◆ Task directions
The lines wanted are those from the one containing "टेस्ट क्रिकेट में" to the last line of the entries below; output them exactly, leaving out pictures.

─── Dataset records ───

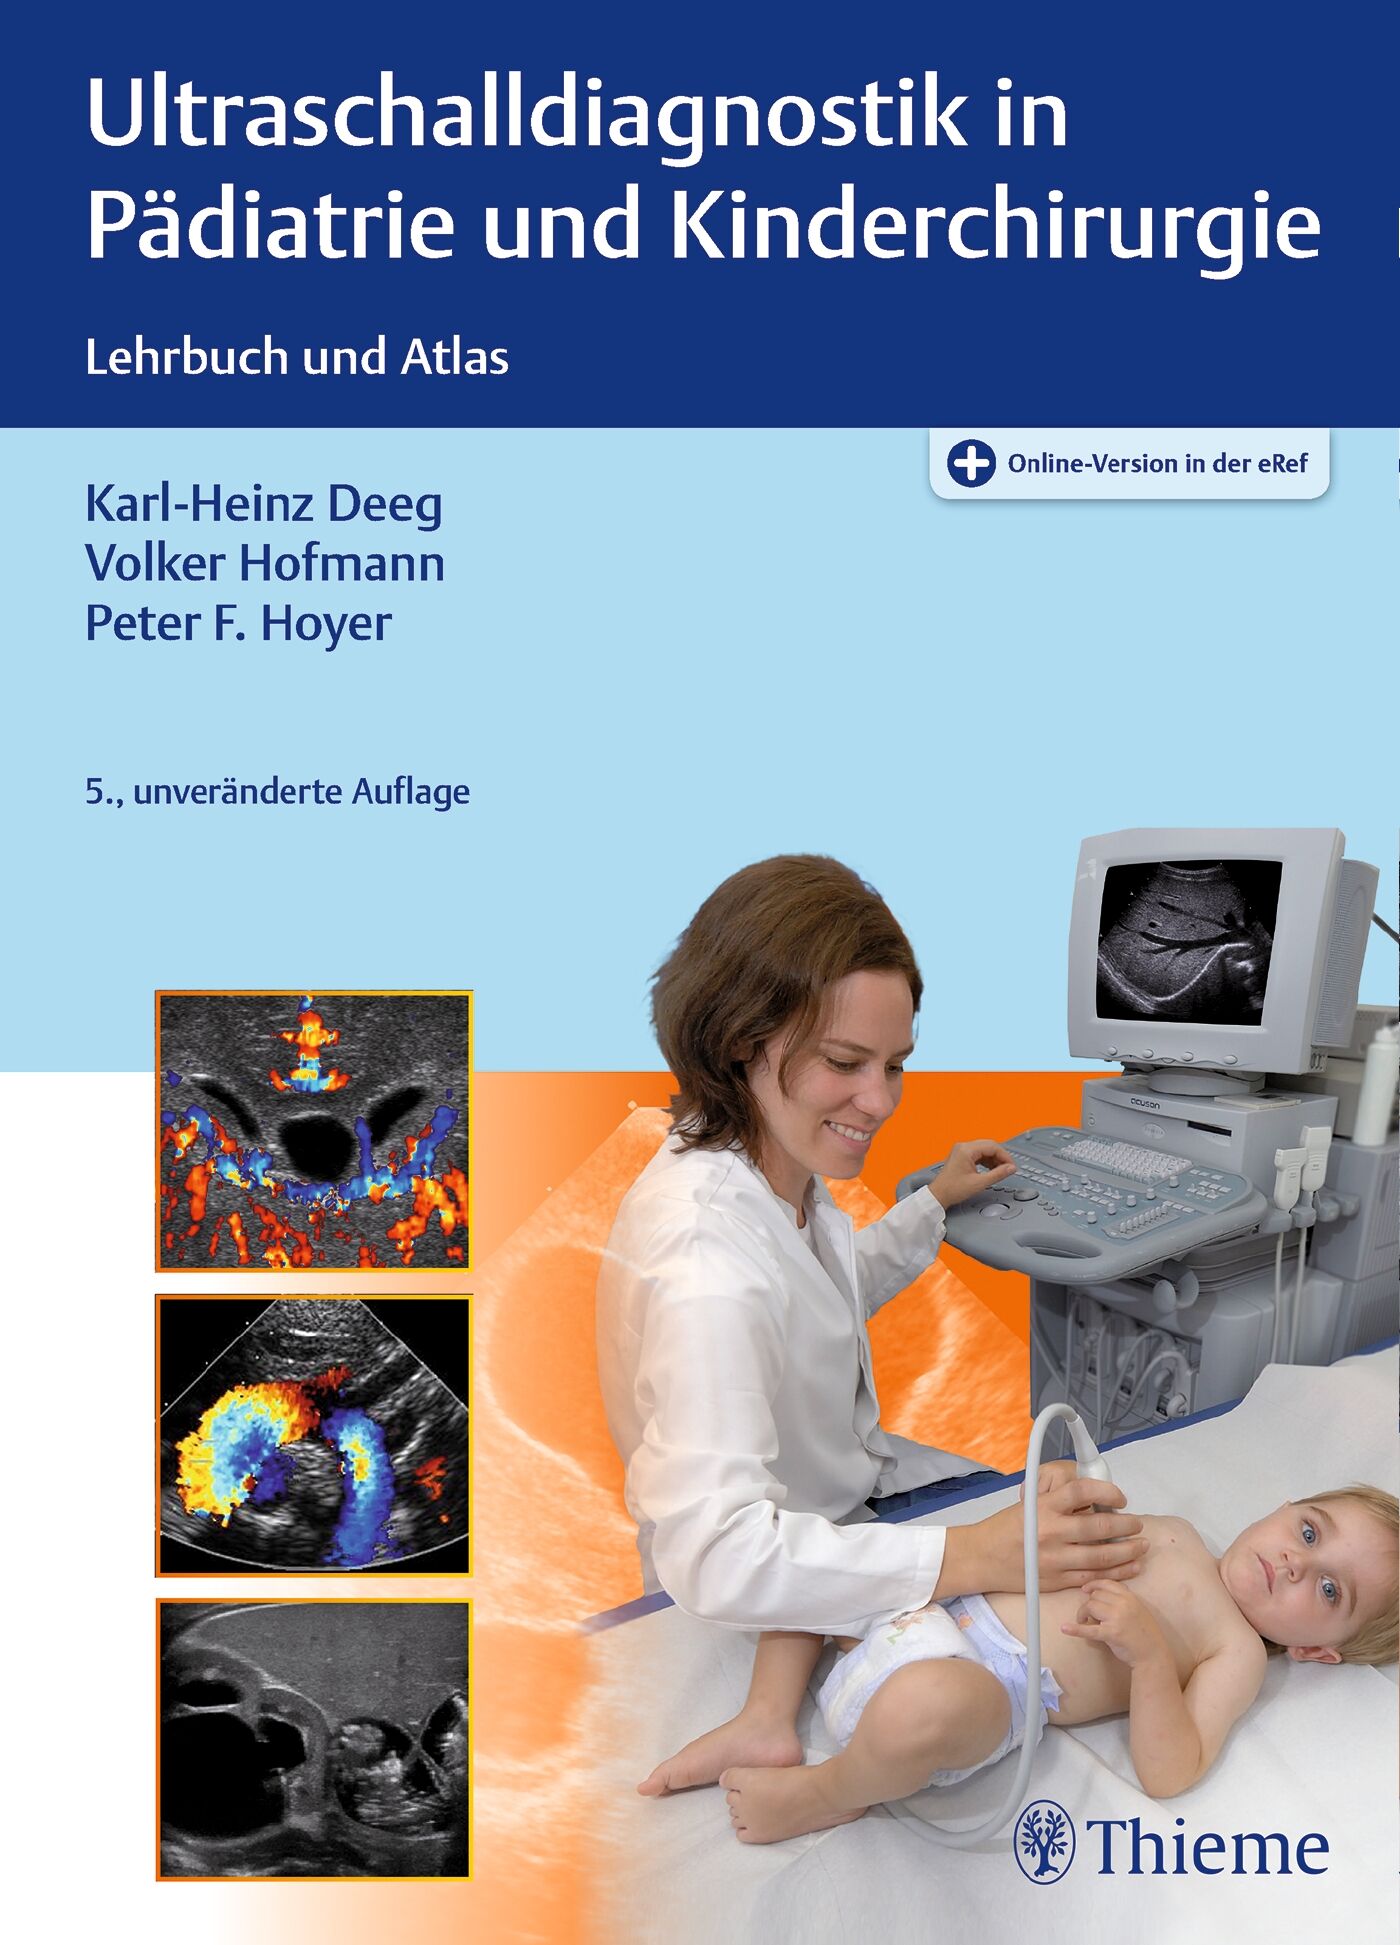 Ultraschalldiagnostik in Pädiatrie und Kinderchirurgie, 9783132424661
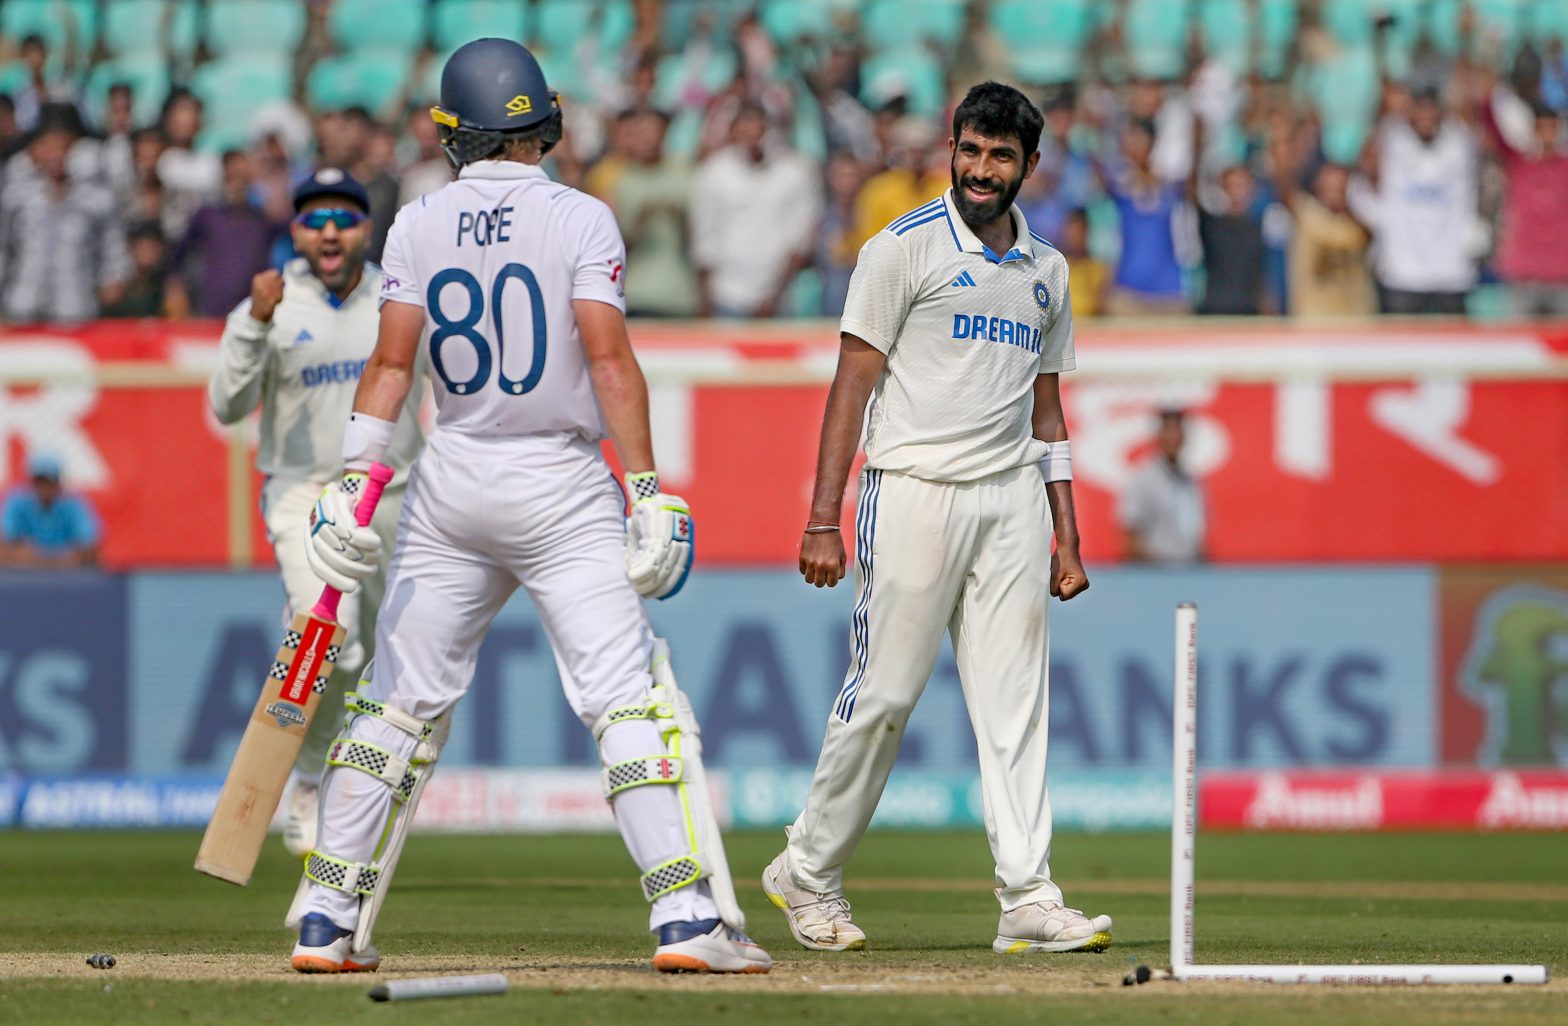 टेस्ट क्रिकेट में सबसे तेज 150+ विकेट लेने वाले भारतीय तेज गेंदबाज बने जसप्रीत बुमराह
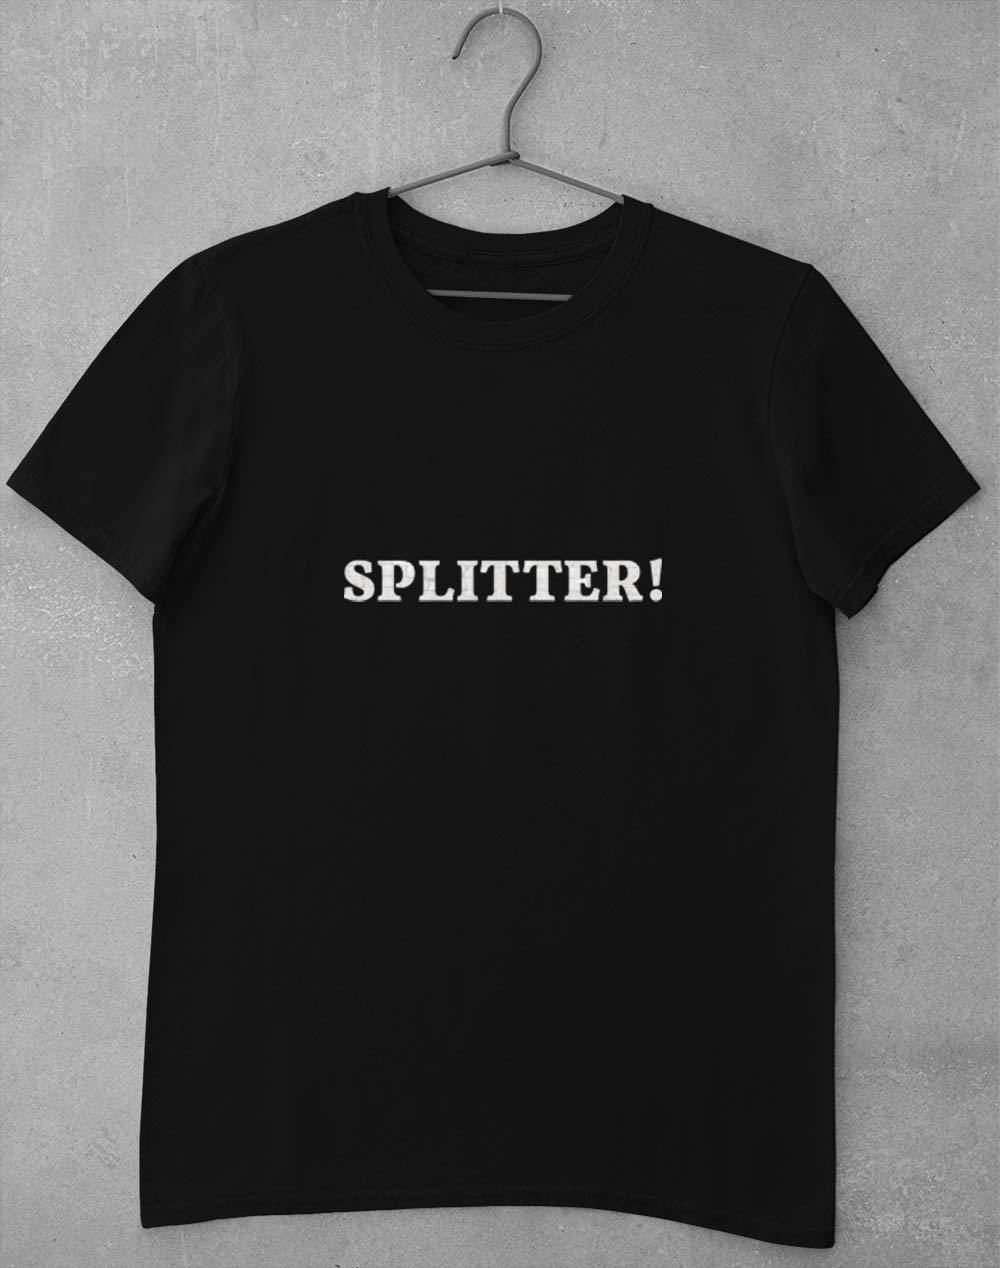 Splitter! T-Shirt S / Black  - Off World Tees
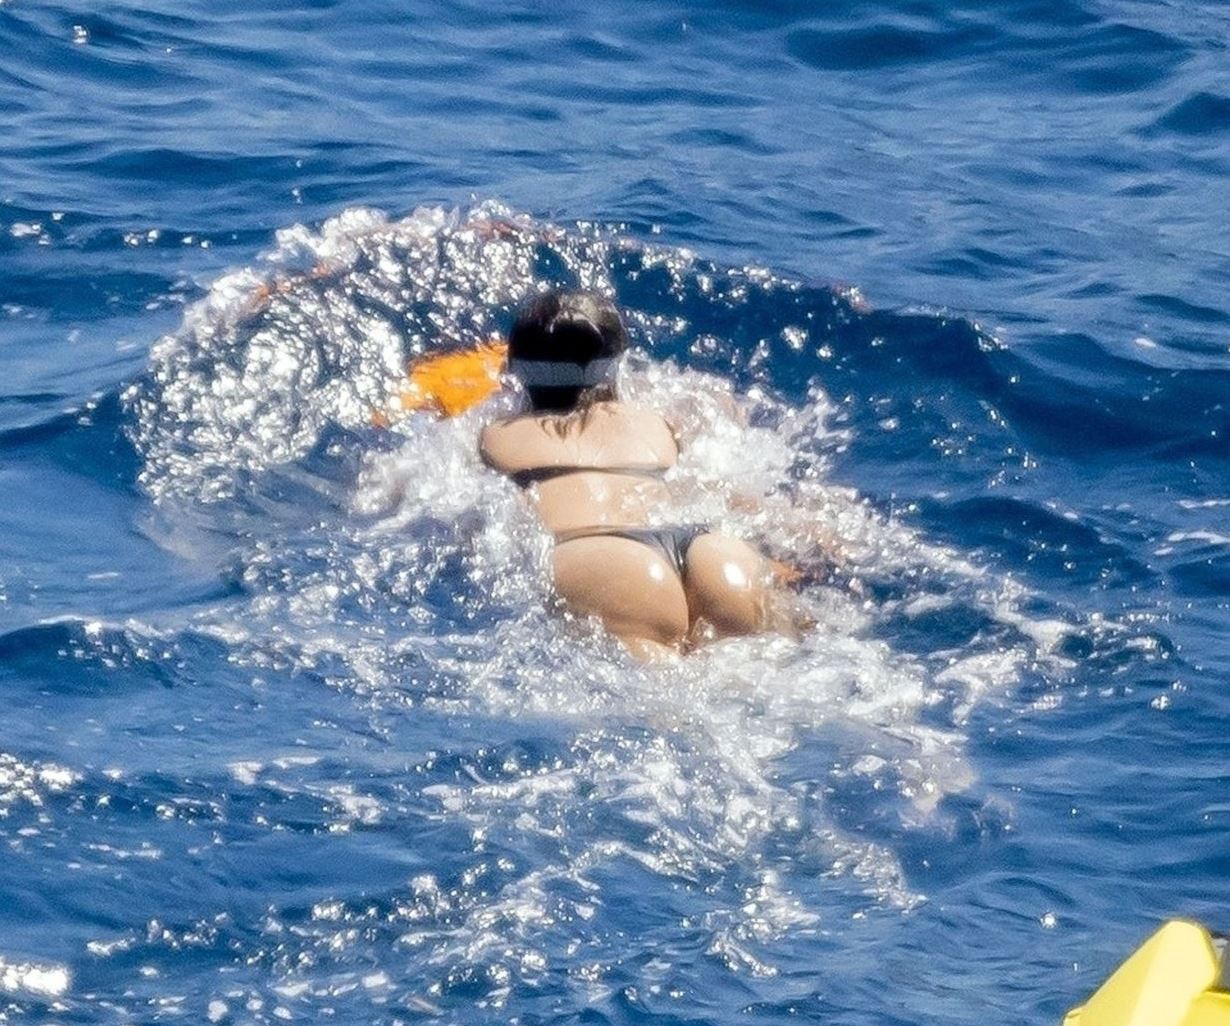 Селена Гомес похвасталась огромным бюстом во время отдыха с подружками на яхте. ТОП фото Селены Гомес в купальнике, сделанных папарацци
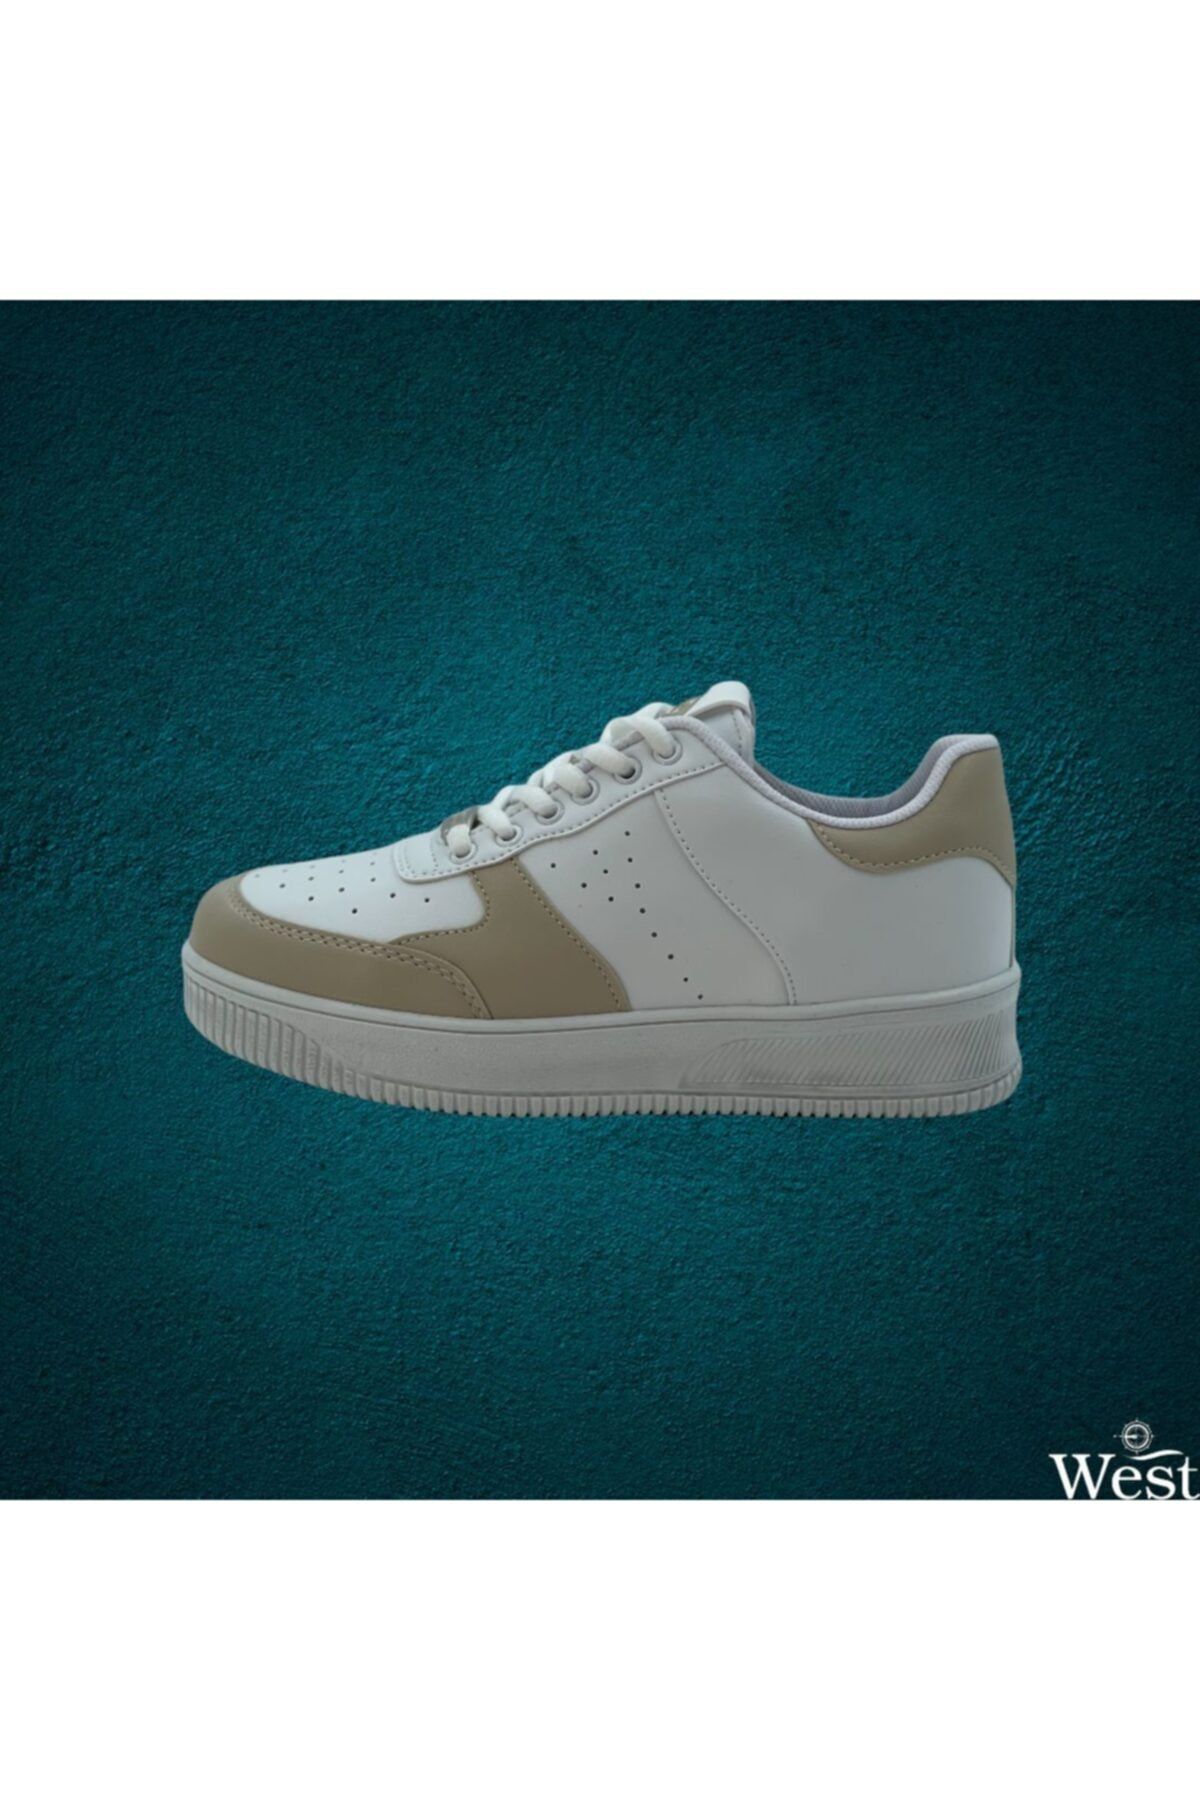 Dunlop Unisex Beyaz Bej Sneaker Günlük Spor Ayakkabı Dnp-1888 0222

───

◆ Answer for this exercise
 टेस्ट क्रिकेट में सबसे तेज 150+ विकेट लेने वाले भारतीय तेज गेंदबाज बने जसप्रीत बुमराह
 Splitter! T-Shirt S / Black  - Off World Tees
 Селена Гомес похвасталась огромным бюстом во время отдыха с подружками на яхте. ТОП фото Селены Гомес в купальнике, сделанных папарацци
 Dunlop Unisex Beyaz Bej Sneaker Günlük Spor Ayakkabı Dnp-1888 0222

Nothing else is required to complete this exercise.